WHAT IS NEEDED >>
Beginning at the line that contains "Křivoklát, um castelo", reproduce the entries below exactly, ending with the line that contains "essence-Duft-smile". Omit each picture.

DATA >>
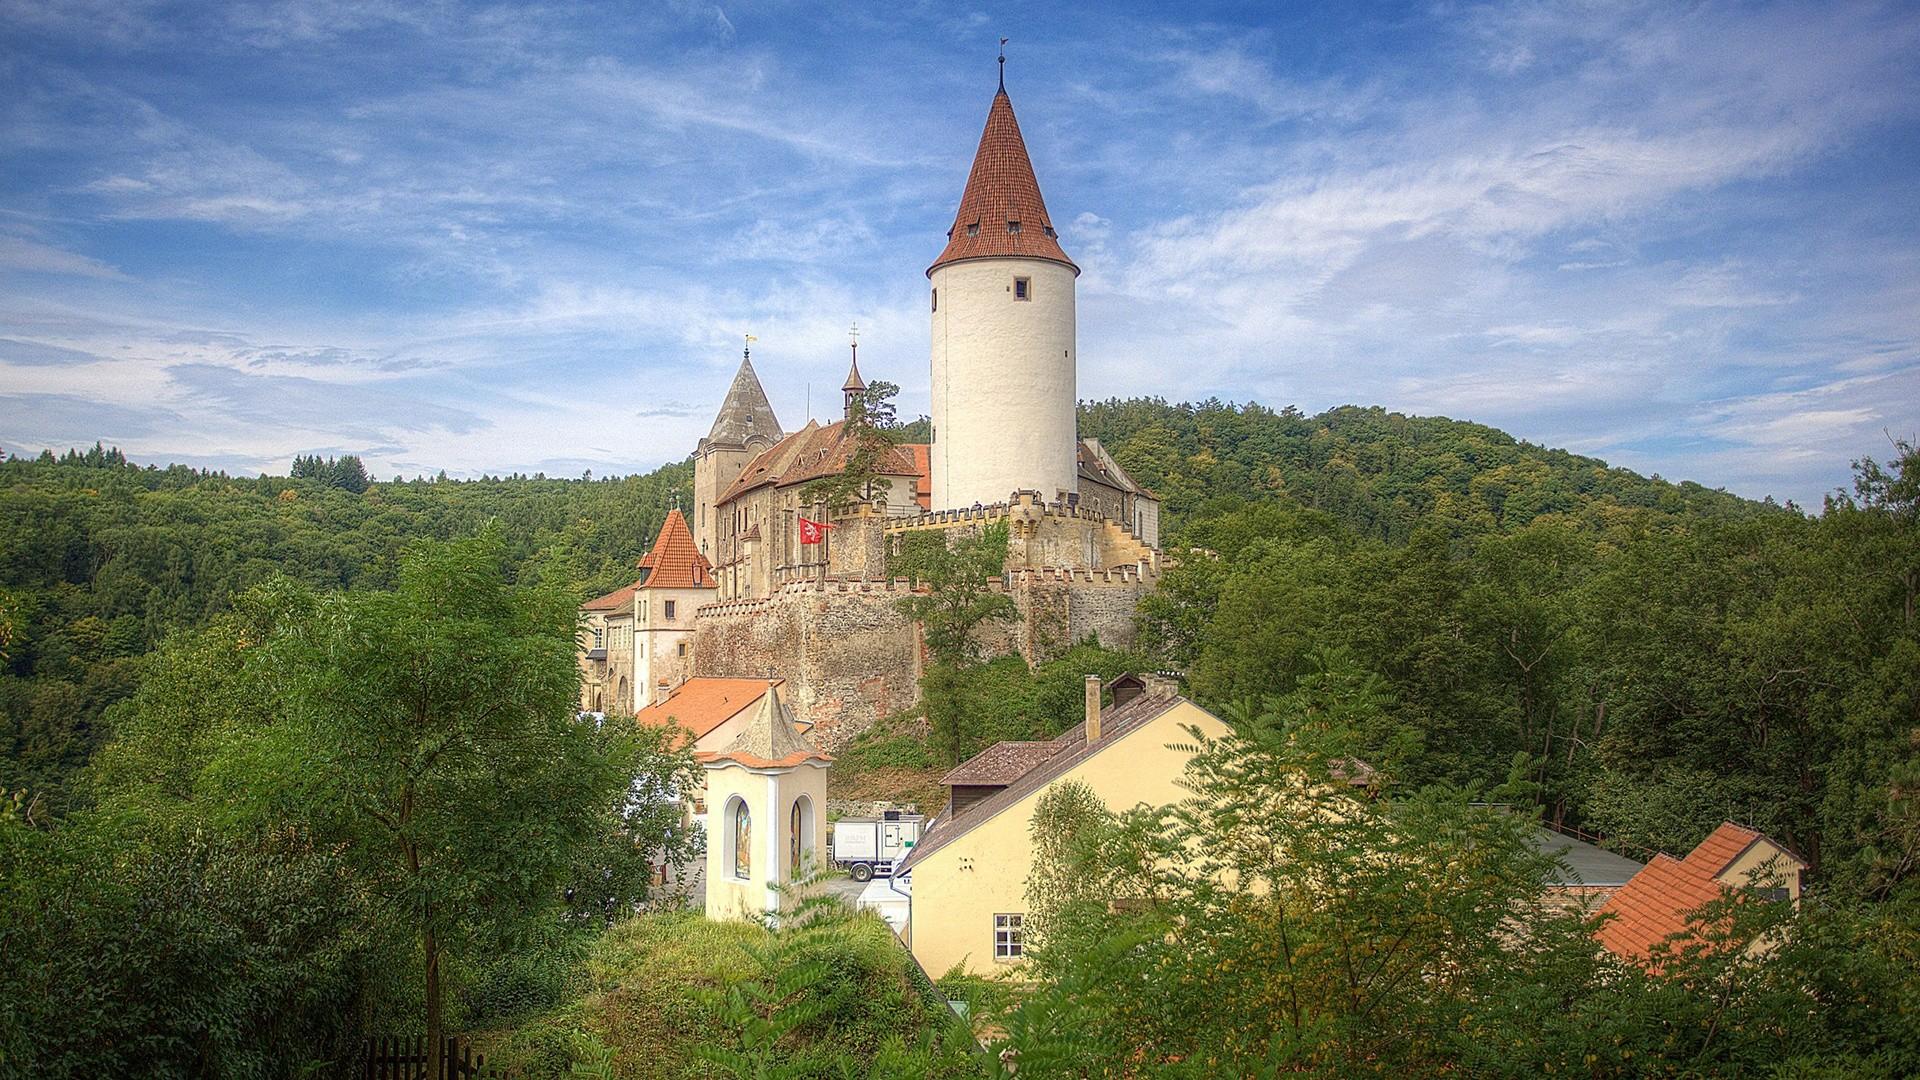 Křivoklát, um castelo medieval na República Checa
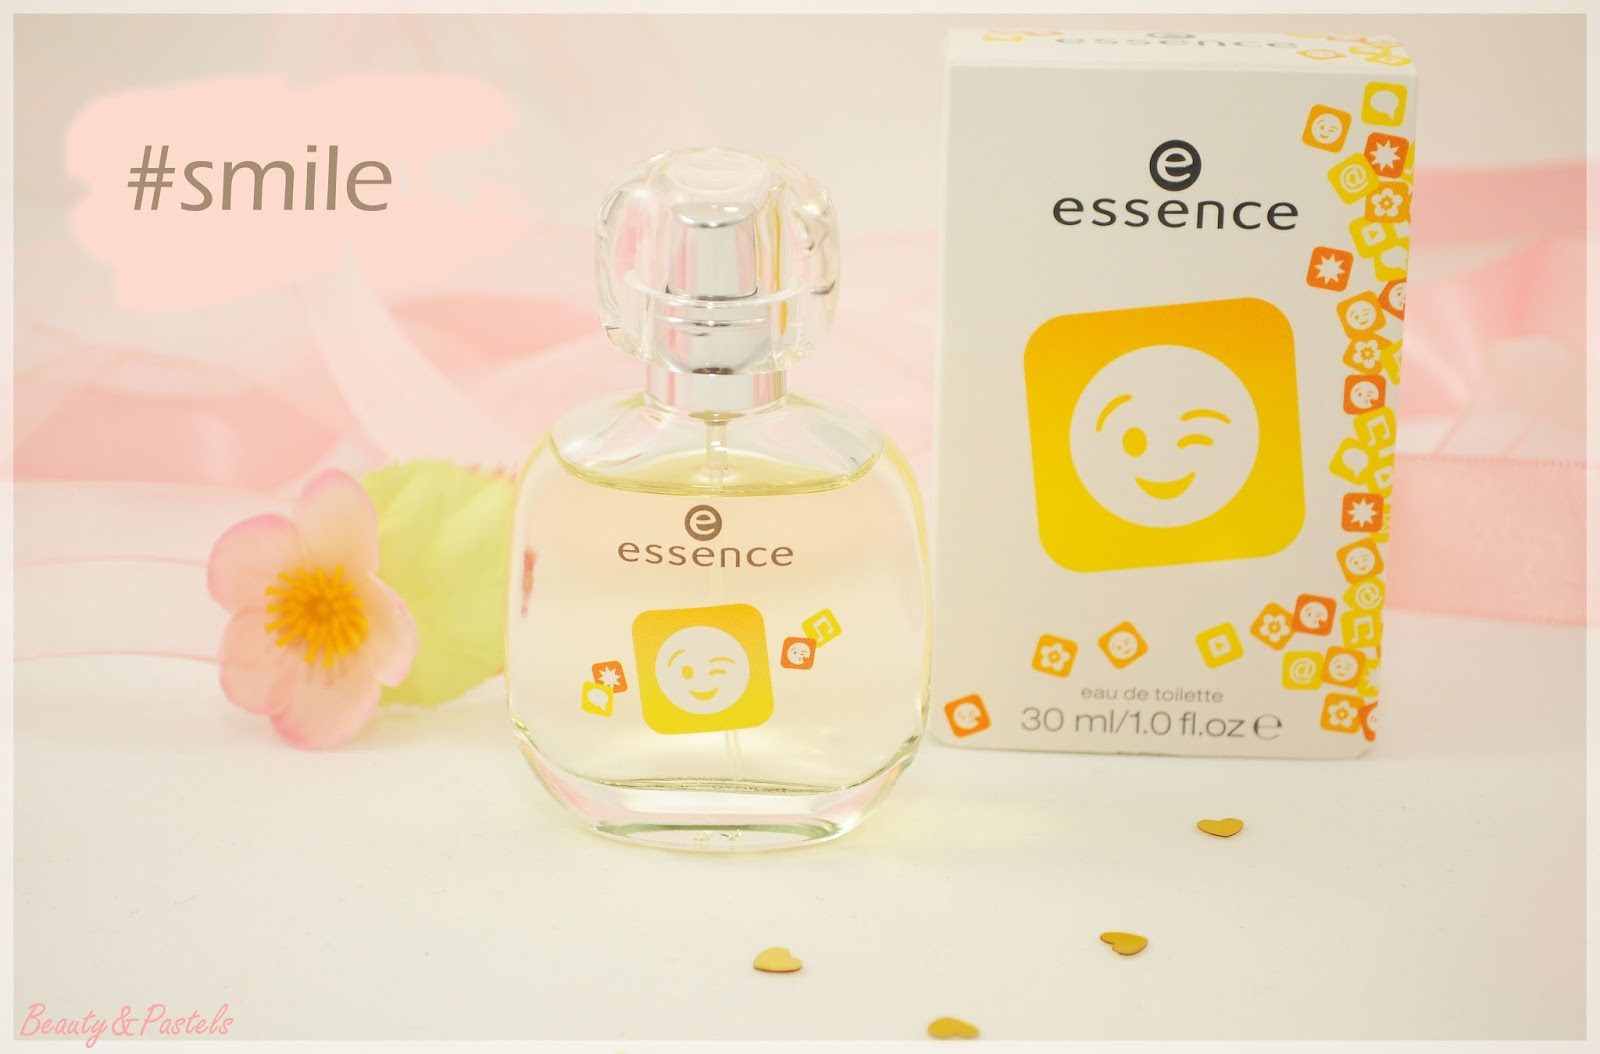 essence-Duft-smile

==

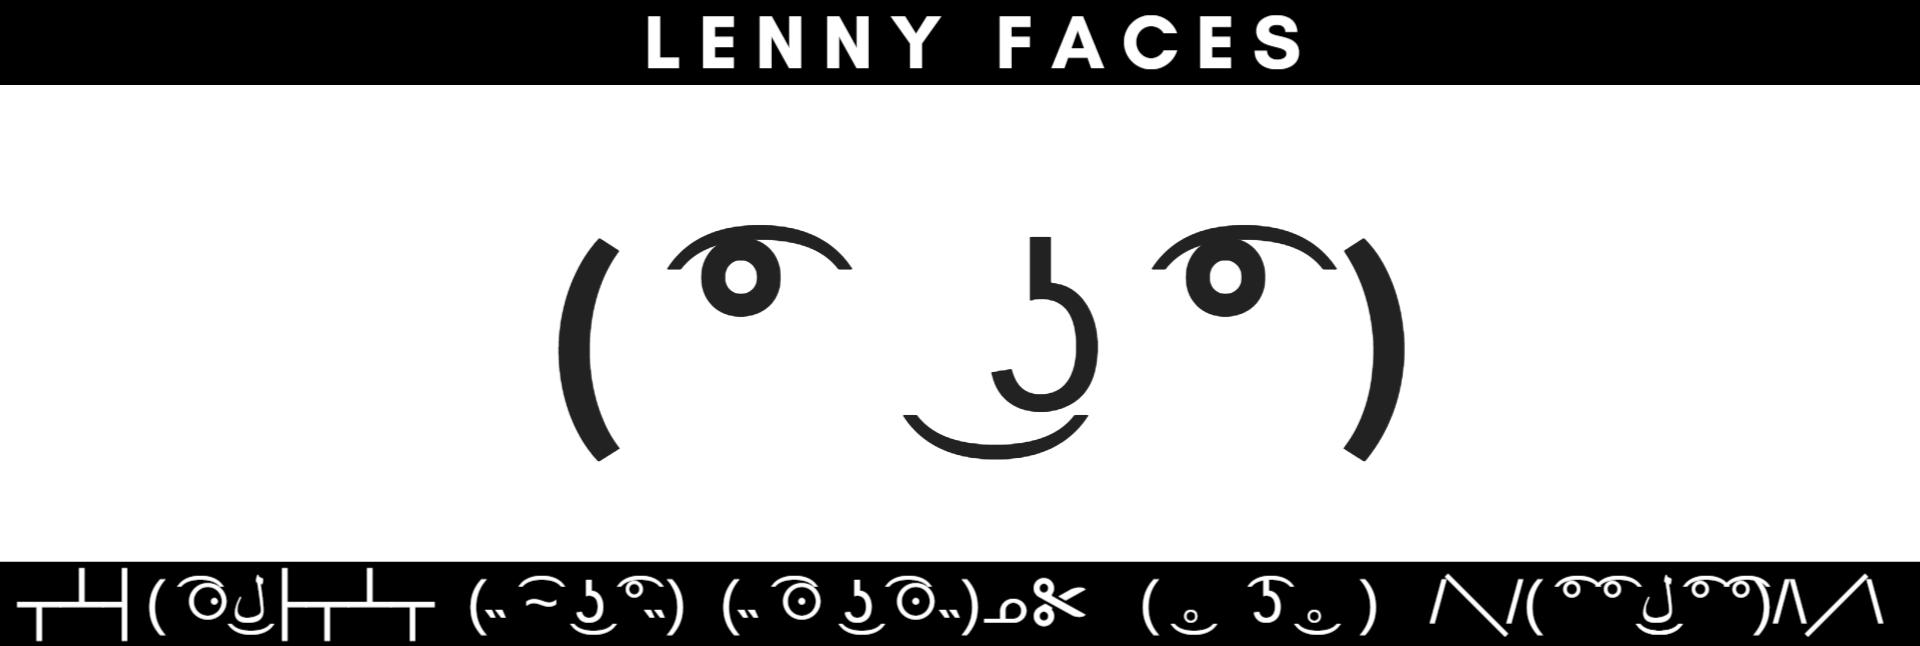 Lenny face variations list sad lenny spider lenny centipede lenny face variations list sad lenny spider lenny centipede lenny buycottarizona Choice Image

==

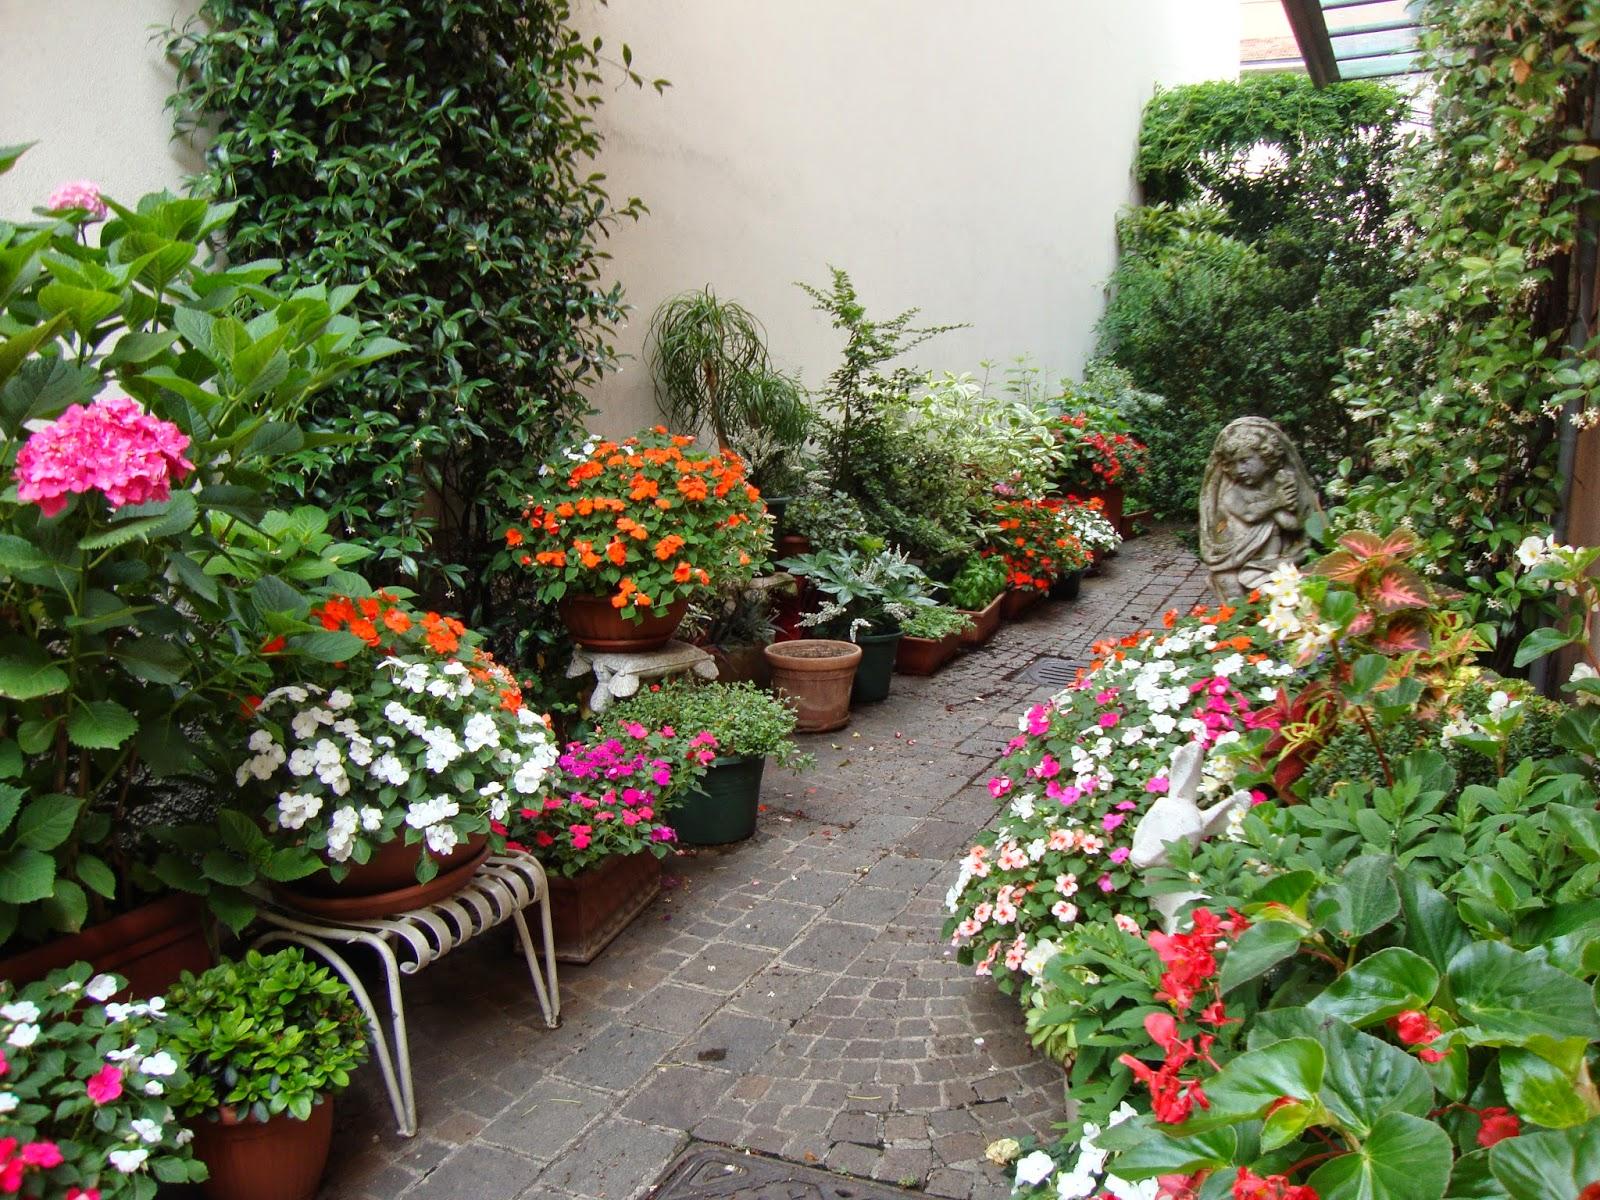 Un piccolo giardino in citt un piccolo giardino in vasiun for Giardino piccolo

TASK OUTPUT >>
 Křivoklát, um castelo medieval na República Checa
 essence-Duft-smile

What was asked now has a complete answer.